◆ What you will do: Give back an exact copy of the lines in the records below, from the line that has "Wooden Dinosaur Toys for Toddlers" through the line that has "Pavers Green Ladies", and nothing besides.

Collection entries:
______

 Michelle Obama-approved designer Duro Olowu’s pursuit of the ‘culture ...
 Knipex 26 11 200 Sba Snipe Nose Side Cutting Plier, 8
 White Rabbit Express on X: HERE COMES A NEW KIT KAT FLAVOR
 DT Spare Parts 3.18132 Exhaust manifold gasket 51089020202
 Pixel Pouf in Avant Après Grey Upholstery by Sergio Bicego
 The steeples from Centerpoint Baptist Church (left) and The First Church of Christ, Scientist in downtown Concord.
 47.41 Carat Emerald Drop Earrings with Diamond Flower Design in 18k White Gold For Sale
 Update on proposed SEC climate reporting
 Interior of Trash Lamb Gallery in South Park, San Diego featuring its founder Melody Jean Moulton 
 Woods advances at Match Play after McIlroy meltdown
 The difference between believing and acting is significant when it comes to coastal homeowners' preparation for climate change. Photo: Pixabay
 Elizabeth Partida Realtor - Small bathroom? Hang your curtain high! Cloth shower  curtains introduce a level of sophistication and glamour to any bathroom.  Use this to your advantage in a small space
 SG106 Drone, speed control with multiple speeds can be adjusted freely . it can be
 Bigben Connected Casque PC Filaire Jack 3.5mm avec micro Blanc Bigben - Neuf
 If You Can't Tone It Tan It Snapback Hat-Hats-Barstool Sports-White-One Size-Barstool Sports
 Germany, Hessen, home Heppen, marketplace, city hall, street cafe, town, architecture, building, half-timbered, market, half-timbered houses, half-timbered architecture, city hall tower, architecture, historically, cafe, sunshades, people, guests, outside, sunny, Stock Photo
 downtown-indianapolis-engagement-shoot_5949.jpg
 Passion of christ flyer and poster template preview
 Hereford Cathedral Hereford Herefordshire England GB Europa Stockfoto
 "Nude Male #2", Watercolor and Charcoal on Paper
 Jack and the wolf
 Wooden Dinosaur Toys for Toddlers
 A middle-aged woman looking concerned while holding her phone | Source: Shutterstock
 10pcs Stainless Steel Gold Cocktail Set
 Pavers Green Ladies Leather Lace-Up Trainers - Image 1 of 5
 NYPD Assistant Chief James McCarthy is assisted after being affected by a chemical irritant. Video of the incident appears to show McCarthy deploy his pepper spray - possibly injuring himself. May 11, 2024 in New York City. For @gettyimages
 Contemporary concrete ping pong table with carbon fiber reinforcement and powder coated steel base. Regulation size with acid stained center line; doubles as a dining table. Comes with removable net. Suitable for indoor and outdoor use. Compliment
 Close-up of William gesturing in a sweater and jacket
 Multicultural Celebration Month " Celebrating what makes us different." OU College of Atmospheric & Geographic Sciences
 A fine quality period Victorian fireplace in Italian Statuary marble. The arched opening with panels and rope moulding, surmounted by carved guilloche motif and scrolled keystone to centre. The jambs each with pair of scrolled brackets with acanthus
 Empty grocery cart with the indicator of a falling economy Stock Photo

______

◆ Written response:
 Wooden Dinosaur Toys for Toddlers
 A middle-aged woman looking concerned while holding her phone | Source: Shutterstock
 10pcs Stainless Steel Gold Cocktail Set
 Pavers Green Ladies Leather Lace-Up Trainers - Image 1 of 5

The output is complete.